忽然间眶中泛着些些湿润,两行清泪不觉流了出来,微咬咬牙,哽咽道:“萧儿,你这箫形记号,如何得来?”
梁萧刚找着包袱,取出衣衫,正欲穿上,忽然间身子一紧,被来人扣着,心中怒烧,正待运内力反击,鼻间闻得一股熟悉的味道,扭头侧目,见是段正淳,更加火怒,说道:“老段,你有病啊,拽着我干嘛?别看我长得帅,你就起邪念吧?爷还是处男呢?可不喜欢这套,快点松手?”疾急挣脱,梁萧内力虽比段正淳强,但老段箍他的手臂,实在紧地很,感觉怪别扭的,无法挣开,当即又气贯丹田,引气冲震,倏尔间,气行一半,忽感臂上一松,段正淳已经放开其手,梁萧不得不将气调息,纳回丹田。
又见他发问,梁萧迅速将衣穿好,免得他再次胡来,拍了拍衣角,淡淡道:“自然是天生的,难道是我画的呀?就算我有心,也画不到呀?就算画得到,我也没那个手艺?”段正淳喃喃道:“……天生的……”忽然叹了口气,问道:“你今年十八岁,四月间的生日,是不是?”梁萧道:“不是,十八岁没错,但我是六月的生日。咦,老段,你到底想说什么?”心道:“他要给那木婉清提亲也用不着这样吧?怪,段家的人都怪。”
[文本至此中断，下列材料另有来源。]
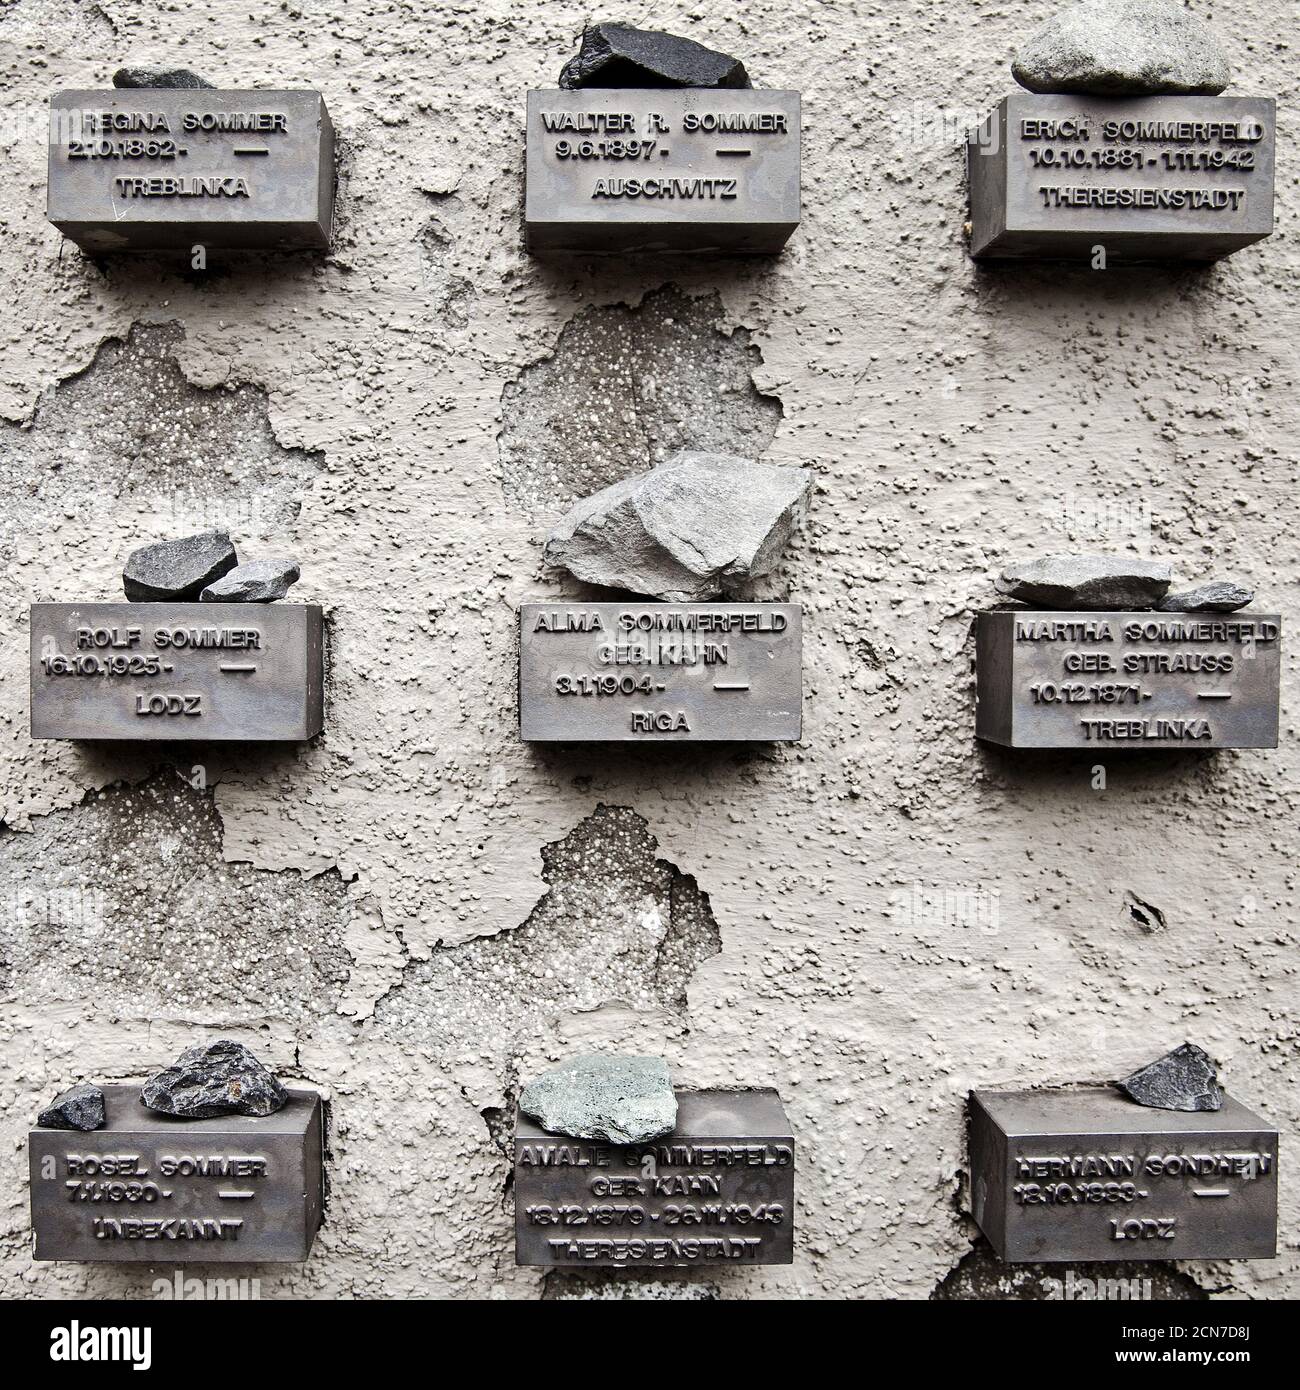 Memorial plaques for Frankfurt Jews, Jewish Cemetery Battonnstrasse, Frankfurt, Germany, Europe Stock Photo

段正淳“哦”了一声,摇摇手,叫他别问,心中却思潮绵延起伏,隔了一会,又问道:“萧儿,你父母是谁?”梁萧摇摇头,叹息一声,来回跺了几步,嗤笑道:“老段,我想你大概有健忘症吧?不是早先跟你说了么,我爹妈是何人,不能随便相告?心寻思:“段正淳今天是怎么了,难道一巴掌将他打傻啦?不对,不像……”又连连摇头。心叹:“不能让老头子知道我在这,不然那就玩完了。看来大理也非久待之地,怎生才能看得‘六脉神剑’剑谱,然后走人呢?”心底暗暗思策焦急。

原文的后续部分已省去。